Increased Reaction Efficiency of Enzyme Complexes Based on Irreversible Covalent Bonding Systems

Abstract

Carbonic anhydrase (CA) and cyanase can be a solution to the reduction of CO2 and cyanide that adversely affect the environment. However, the high temperature inactivation of enzymes and their dependence on bicarbonate limits their industrial applications. Therefore, this problem was overcome by changing the structure of the enzyme using the Catcher/Tag system with irreversible covalent bonding and combining them with each other. Cyclization and polymer formation of hmCA recovered its activity even at a high temperature of 70 °C or higher compared with the wild type, and polymeric hmCA showed a result that was more than 4 times different from that of the control in CaCO3 production through enzymatic reaction. This suggests Thatcher the binding of enzymes by the Catcher/Tag system improved thermal and structural stability and could be a new strategy to overcome the existing limitations. The subsequent binding of cyanase and hmCA increased cyanide degradation compared to when cyanase alone was used, but the degradation reaction efficiency was lowered compared to the condition in which the two enzymes were not linked. The cause of these results is that the formation of the complex in a linear form in the binding through the peptide module brought a limitation in distance, resulting in decreased efficiency. To improve this, the complex was engineered to form a circular structure.
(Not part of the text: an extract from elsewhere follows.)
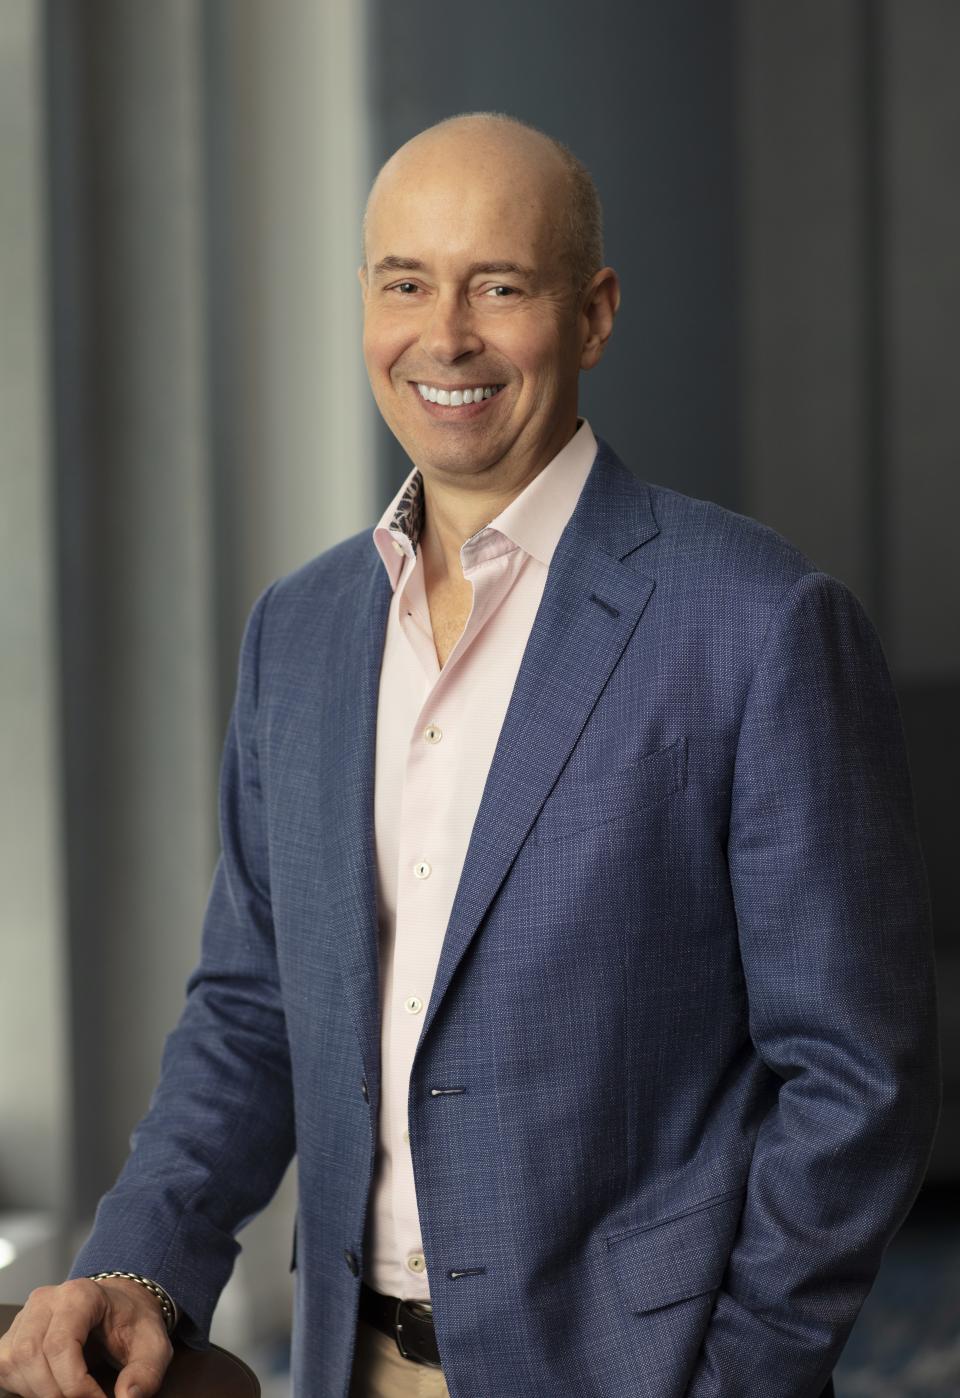 Klein, who is currently executive vice president and chief financial officer at Constellation and serves as Canopy’s chair, will assume his new role Jan. 14. (Constellation Brands bio page)

As a result of measuring the reaction efficiency of the enzyme, it showed more than two times higher activity than the condition in which cyanase alone was used, and it was confirmed that the reaction efficiency was improved compared to the linear complex formed by mixing Catcher, cyanase, and hmCA. In conclusion, an enzyme complex with reduced HCO- dependence and improved reaction efficiency was prepared in the presence of the same concentrations of oxidized cyanide and HCO- than that in the presence of cyanase alone.